To the editor:
The Jewish winter holiday of Hanukkah — “Chanukah” ― celebrates the 164 BC triumph of Israel’s Jewish rebels (called the “Maccabees”) against the foreign Greco/Syrian tyrant, Antiochus.
“Chanukah” means “renewal/dedication.” The holiday’s name refers to the cleansing of the Holy Temple in Jerusalem that the overthrown King Antiochus had defiled during his program to forcibly replace Judaism with Hellenist ideology.
My Hebrew school teacher in the mid-1950s explained Chanukah to us kids by comparing Antiochus with Communist Russia. He said that both Communist Russia and Nazi Germany wanted to be rid of Jews.
He said the Nazis wanted to get rid of Jews by attacking their bodies and killing them off, whereas the Communists wanted to destroy them by attacking their Jewish souls by starving them spiritually, blocking their Jewish education, Jewish observances, and brainwashing them into being so totally assimilated and absorbed into Communist culture that every trace of their Jewish existence would finally be washed away.
The Chanukah story and holiday observance tells of the discovery of a small bottle of a day’s supply of ritually-pure olive oil suitable for lighting the holy Temple Menorah (Temple’s ritual candelabra) and how that little bit of oil miraculously stretched into fuelling the Menorah light to burn for eight days.
This Chanukah miracle followed the decisive Maccabean triumph. Even before the miracle of the oil, Israel had just won her freedom from foreign rule, freedom to resume Jewish religious Temple services and freedom to openly practice all their Jewish religious observances.
The miracle of the oil lasting eight days is a little anticlimactic. Wouldn’t there be enough reason to celebrate Chanukah if that bit of oil didn’t stretch to eight days?

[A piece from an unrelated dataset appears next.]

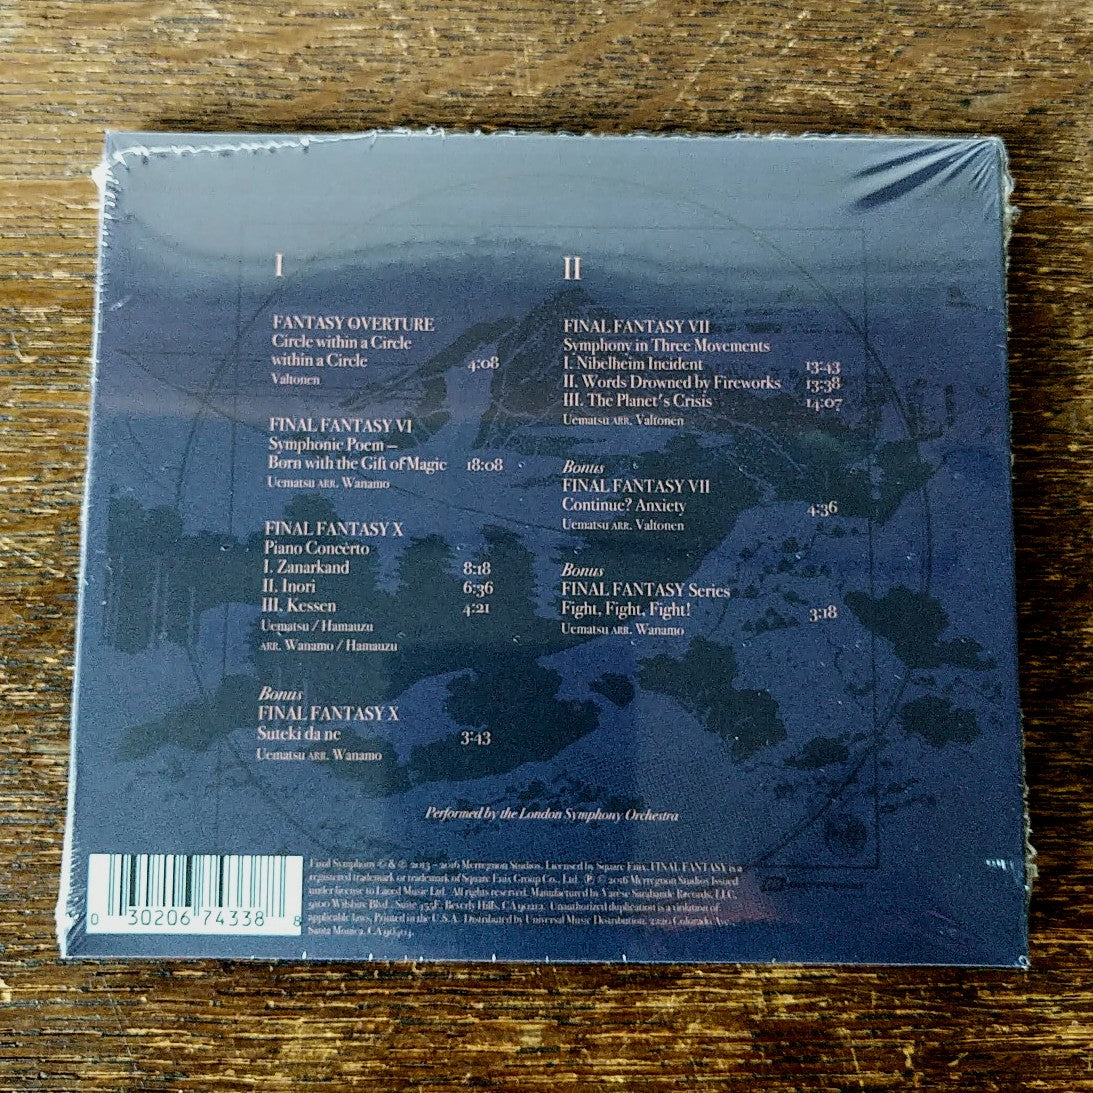 [SOLD OUT] FINAL SYMPHONY "Music from Final Fantasy VI, VII and X" 2xCD
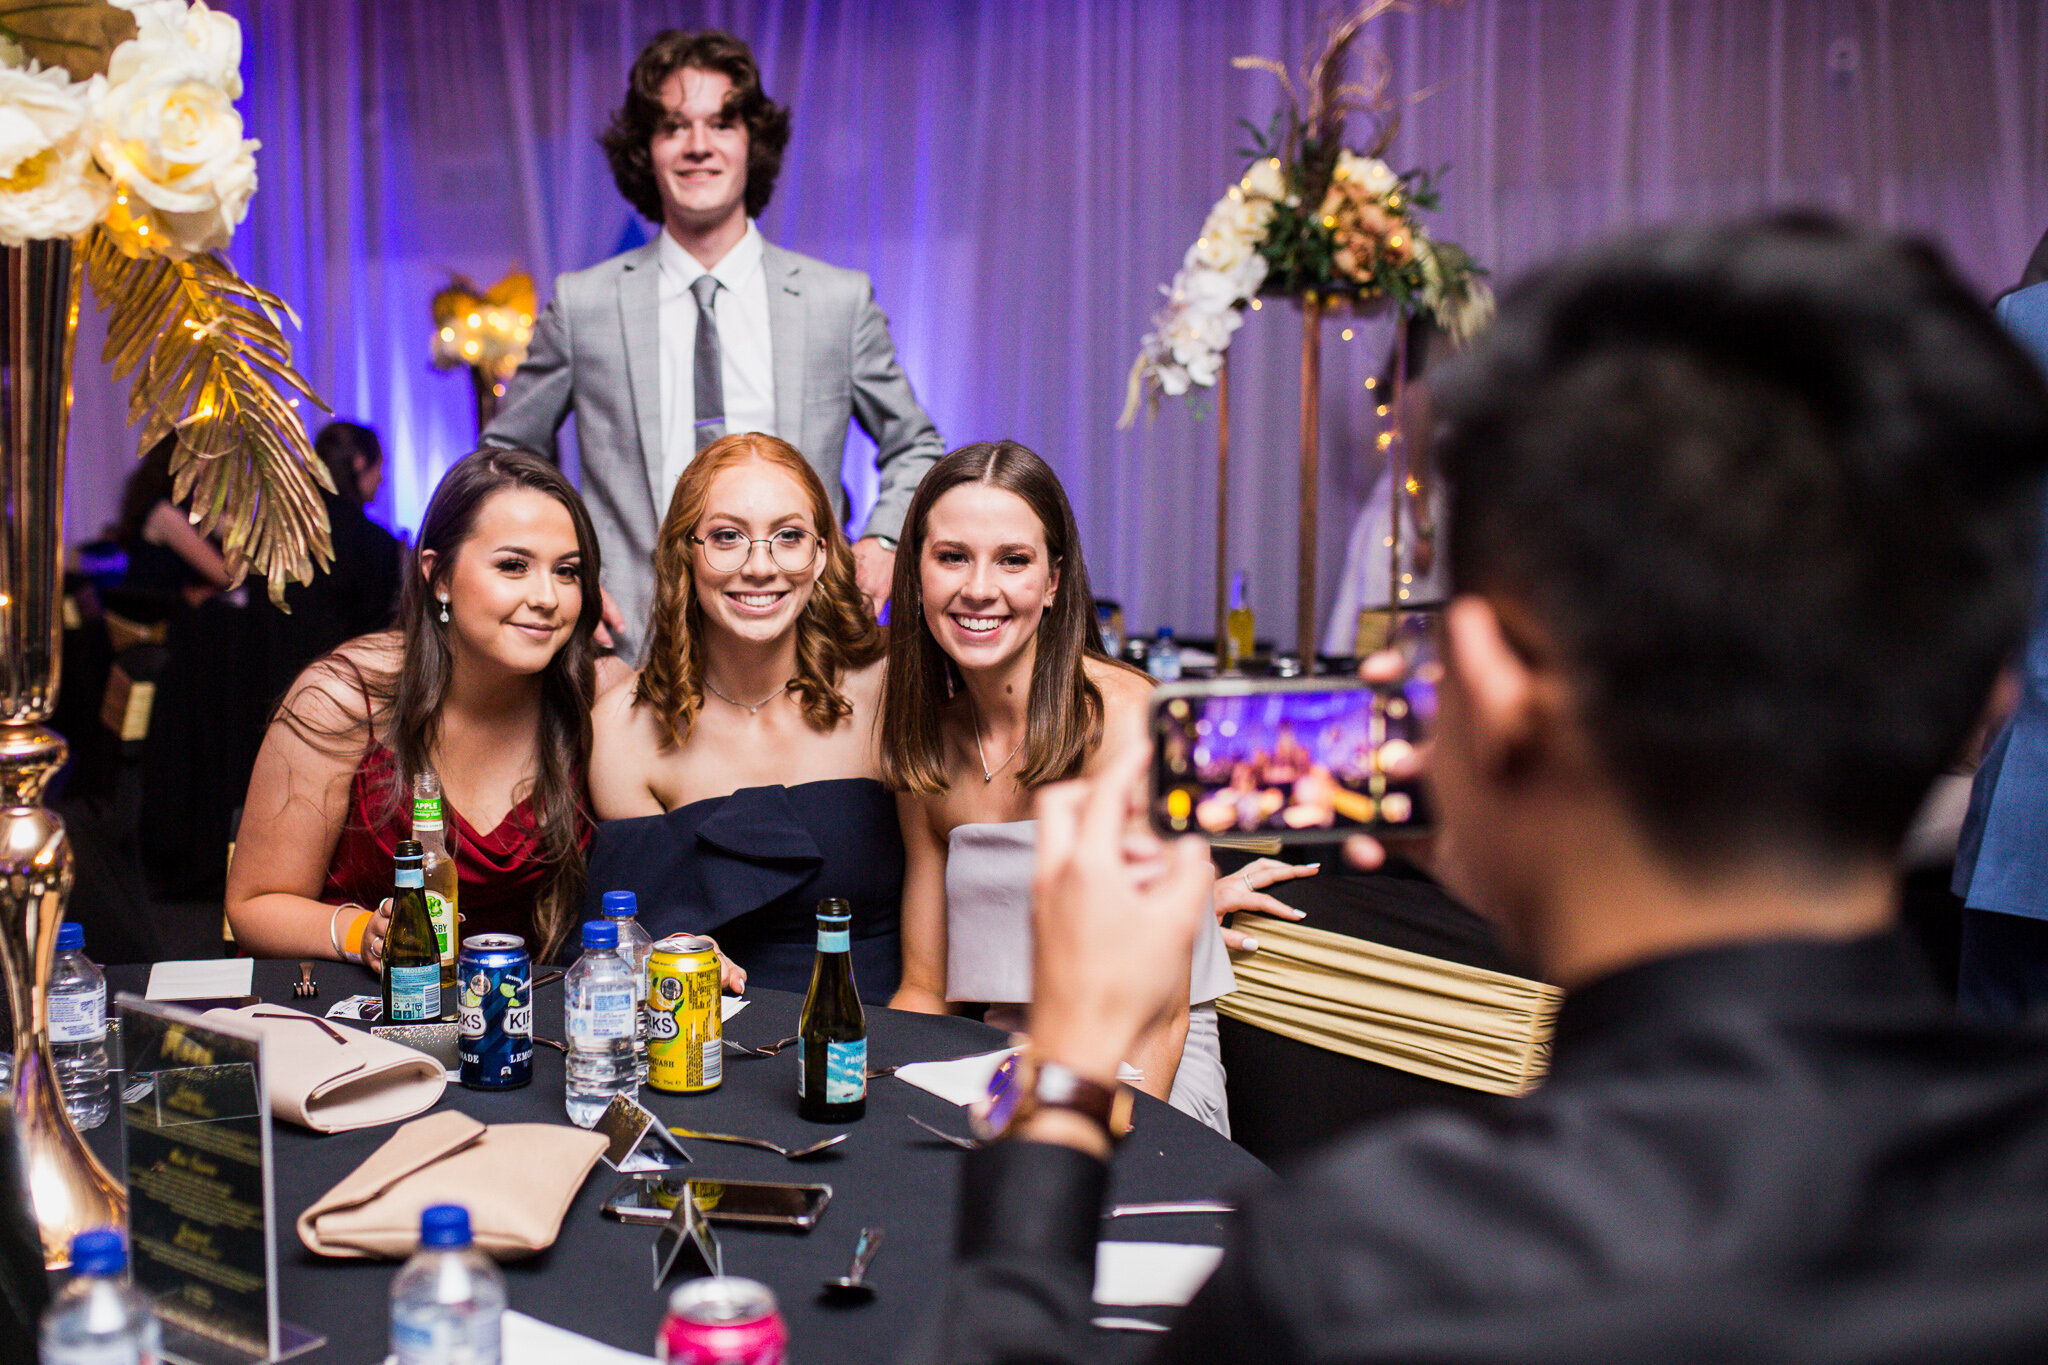 Canberra Formal Photography - Man takes photo of friends at school formal

Despite their newly-won independence, many Macabeans may have had mixed feelings about the war against Antiochus. Was all the hiding and living in caves like animals, all of the destruction, death and bloodshed, worth it?
Did the triumph prove the Jewish way is better than the Hellenist way or did it merely prove that Jews were the victors this time same as the Hellenists were victors in past times?
Did winning prove the Maccabees were right?
Jews see the “miracle of the oil “ as a sign of divine intervention attesting that the Maccabees fought the “good fight” and that — despite all the hardships endured for this cause — this triumph was worth fighting for.
I remember (not verbatim) Lyndon Johnson’s television prayer during the unpopular Vietnam War: “This is a difficult time. I don’t pray for the strength to carry out the right decision. I pray for the guidance and wisdom to know what the right decision is. Once you know what the right decision is, the strength to follow it comes easy.” When I look at Chanukah candles glowing in the night, I think of the Chanukah miracle of the enduring light and I feel like singing the lines I sang to the American flag back when I was in primary school: “Stand beside her and guide her through the night with the light from above.”